L'affermazione non dovrebbe indispettire né cogliere di sorpresa chiunque si sia trovato a leggere almeno una volta - e a condividere - quella sua stra-famosa frase che recita: "Di sicuro, ci sarà sempre chi guarderà solo la tecnica e si chiederà 'come', mentre altri di natura più curiosa si chiederanno 'perché' ".
Il 'perché' di Man Ray, infatti, ha davvero poco a che fare con il concetto di fotografia comunemente inteso, a partire proprio dall'assoluta marginalità di quel 'come'. Lungi dall'essere un venerato mezzo tecnologico al servizio di una riproduzione esatta della realtà, la macchina fotografica per Man Ray non era altro che un pennello ausiliario, da sostituire a quello propriamente detto nel momento in cui ciò che c'era da rappresentare esulasse dall'ambito tutto 'materico' della pittura e della tela.

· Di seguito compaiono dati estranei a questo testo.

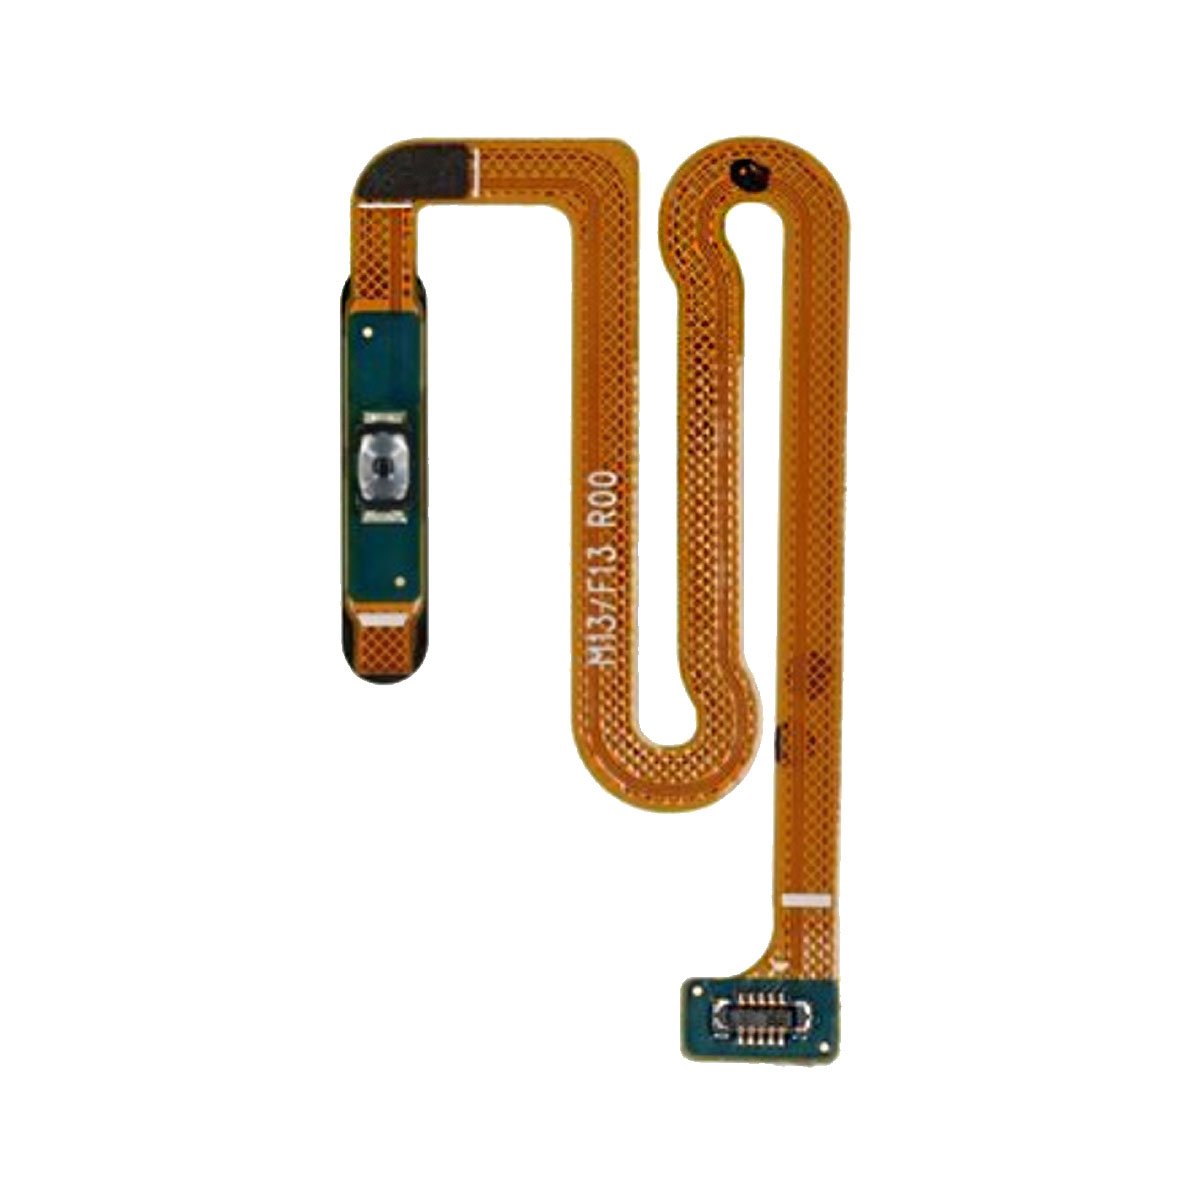 Samsung SM-M135F Galaxy M13 4G Fingerprint Sensor Flex Cable - GH96-15216B - Orange

Senza caricarlo di particolari velleità artistiche, il mezzo fotografico fu per Man Ray un accessorio, tanto indispensabile quanto non particolarmente stimato. Un certo disprezzo per i mezzi necessari a dar forma ad un'Idea, a suo dire, era necessario a sublimarla, a renderla più pura. Tanto che più volte lo si sentirà sentenziare: "La fotografia non è arte".
L'opera di Man Ray risponde ad un paradosso inevitabile: egli fu più profondamente fotografo di tanti altri pittorialisti del tempo, proprio in forza di questo suo non esserlo.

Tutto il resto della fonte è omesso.